College of Computer Science and Technology, Harbin Engineering University, Harbin, HeiLongJiang, China.
School of Aeronautics, Northwestern Polytechnical University, Xi'an, ShaanXi, China.
PLoS One. 2018 Apr 12;13(4):e0195114. doi: 10.1371/journal.pone.0195114. eCollection 2018.
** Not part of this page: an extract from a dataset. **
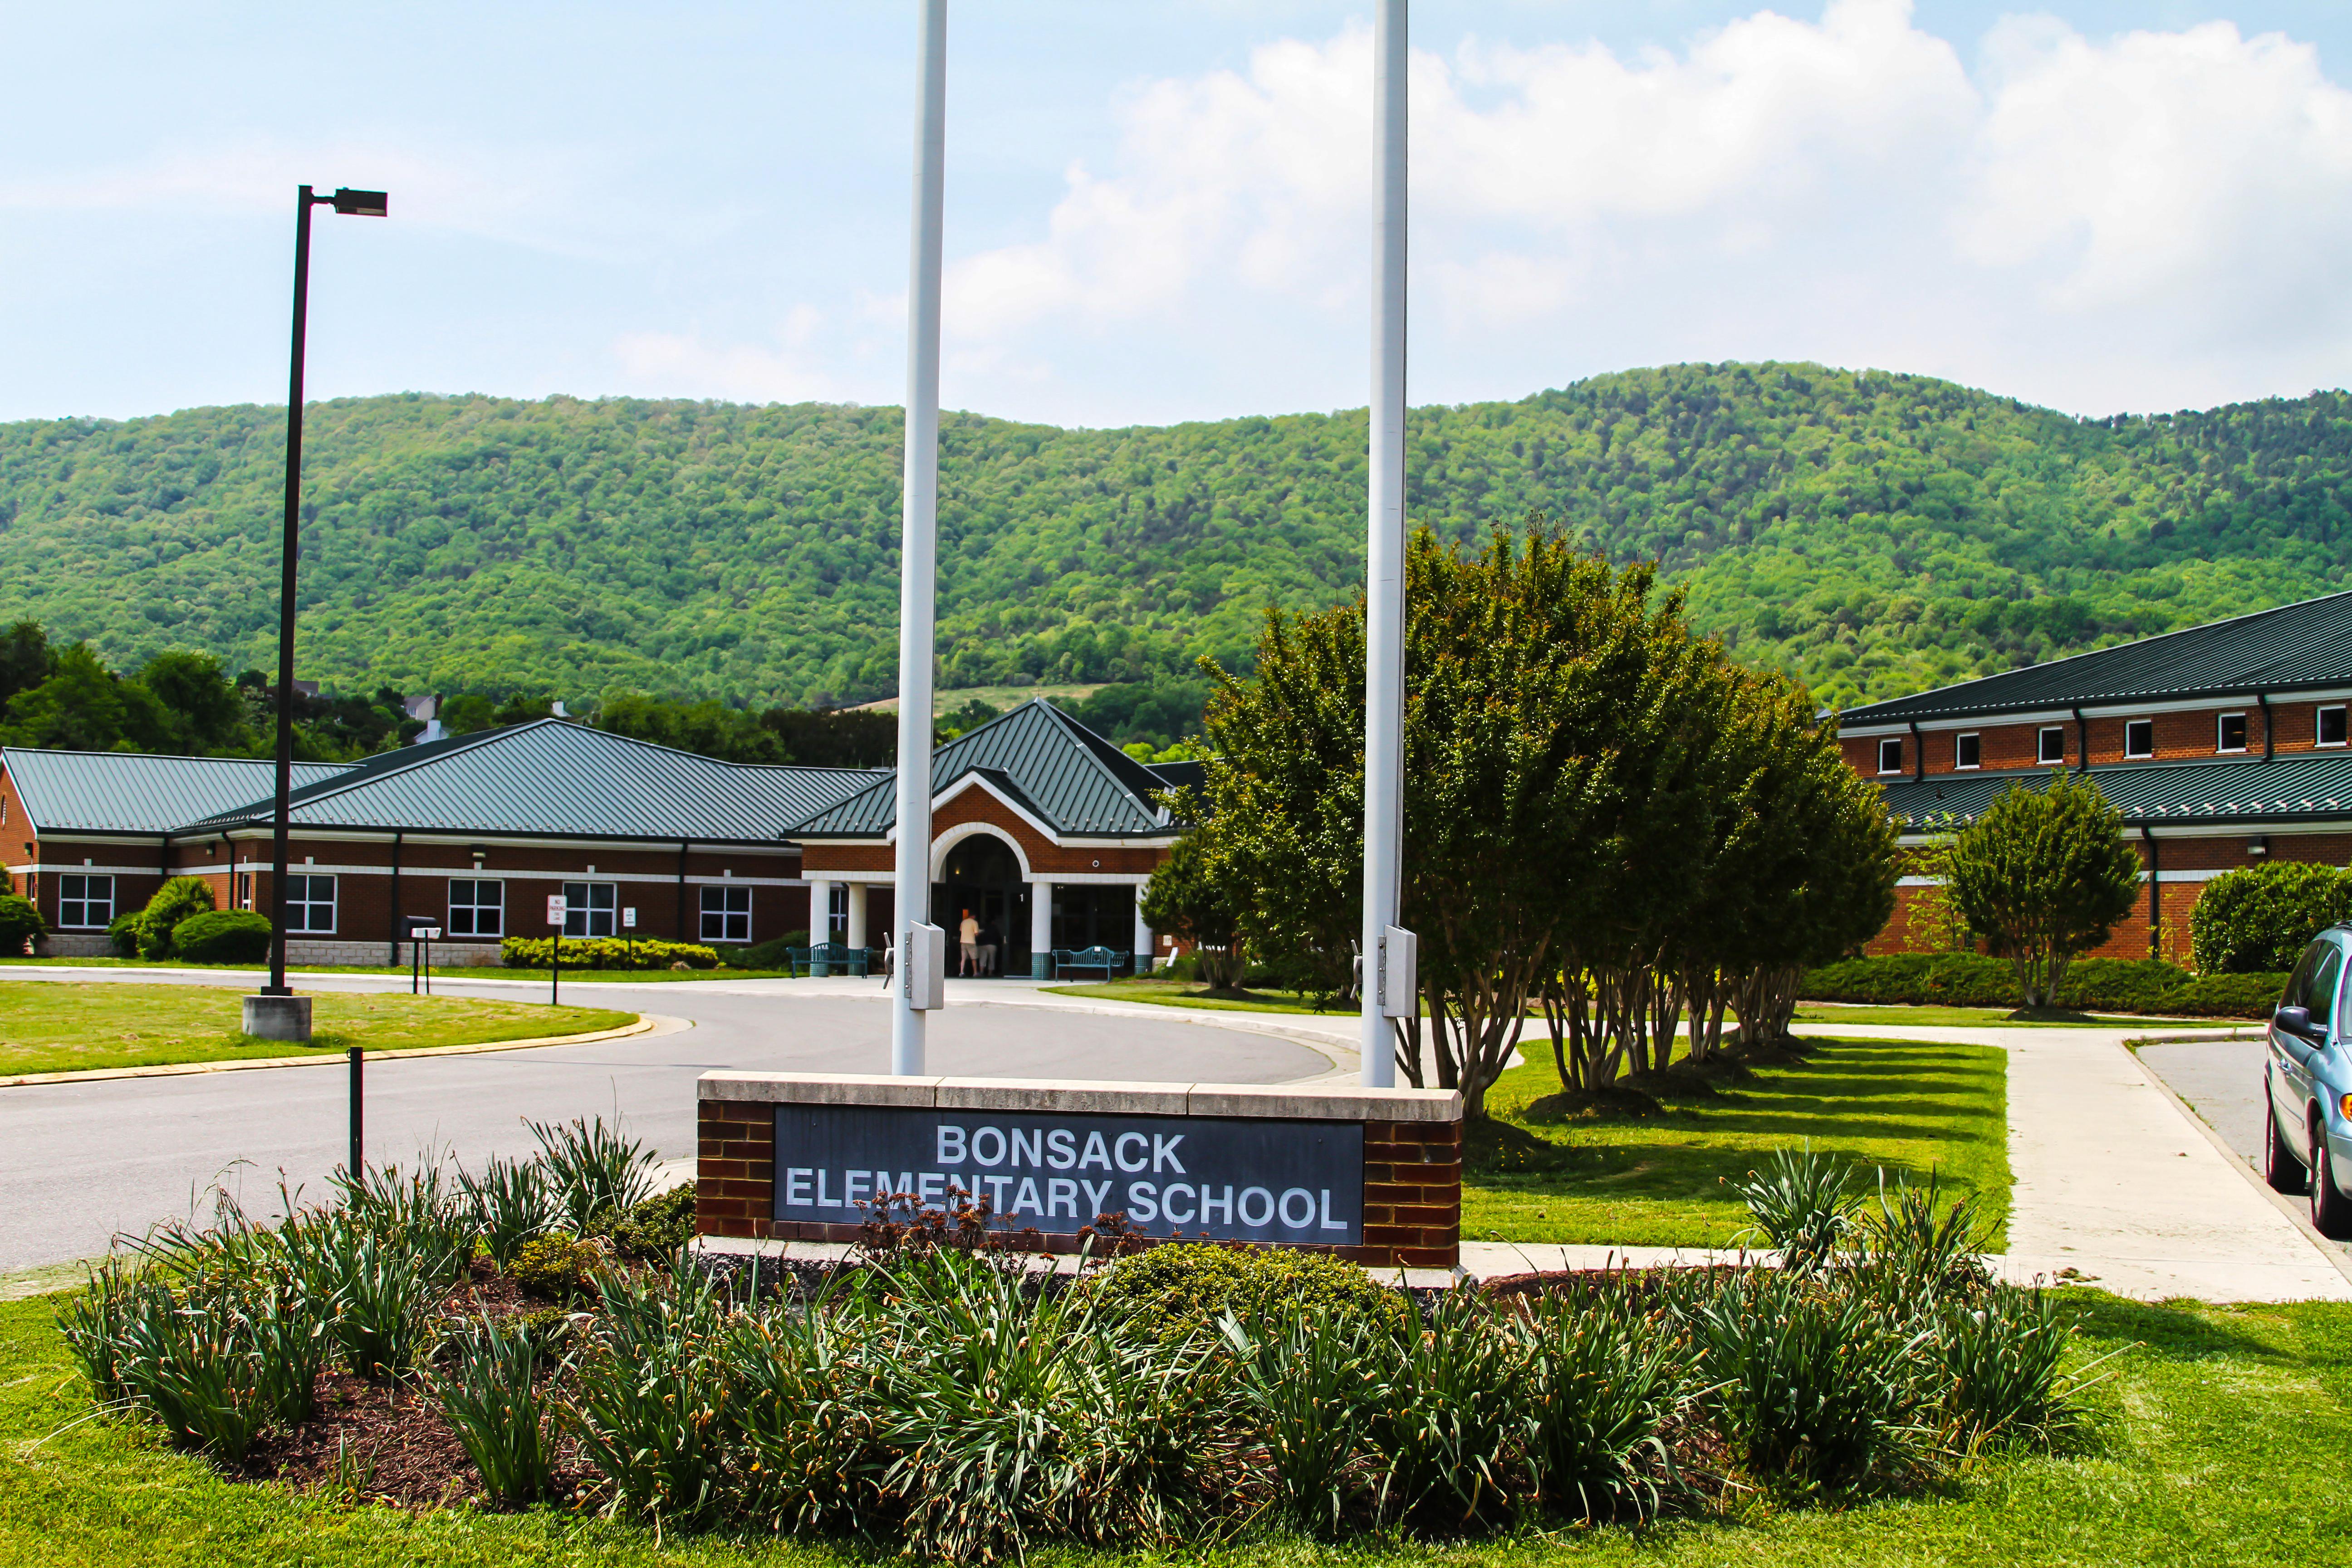 Bonsack Elementary

Explicit structural inference is one key point to improve the accuracy of scene parsing. Meanwhile, adversarial training method is able to reinforce spatial contiguity in output segmentations. To take both advantages of the structural learning and adversarial training simultaneously, we propose a novel deep learning network architecture called Structural Inference Embedded Adversarial Networks (SIEANs) for pixel-wise scene labeling. The generator of our SIEANs, a novel designed scene parsing network, makes full use of convolutional neural networks and long short-term memory networks to learn the global contextual information of objects in four different directions from RGB-(D) images, which is able to describe the (three-dimensional) spatial distributions of objects in a more comprehensive and accurate way. To further improve the performance, we explore the adversarial training method to optimize the generator along with a discriminator, which can not only detect and correct higher-order inconsistencies between the predicted segmentations and corresponding ground truths, but also exploit full advantages of the generator by fine-tuning its parameters so as to obtain higher consistencies. The experimental results demonstrate that our proposed SIEANs is able to achieve a better performance on PASCAL VOC 2012, SIFT FLOW, PASCAL Person-Part, Cityscapes, Stanford Background, NYUDv2, and SUN-RGBD datasets compared to the most of state-of-the-art methods.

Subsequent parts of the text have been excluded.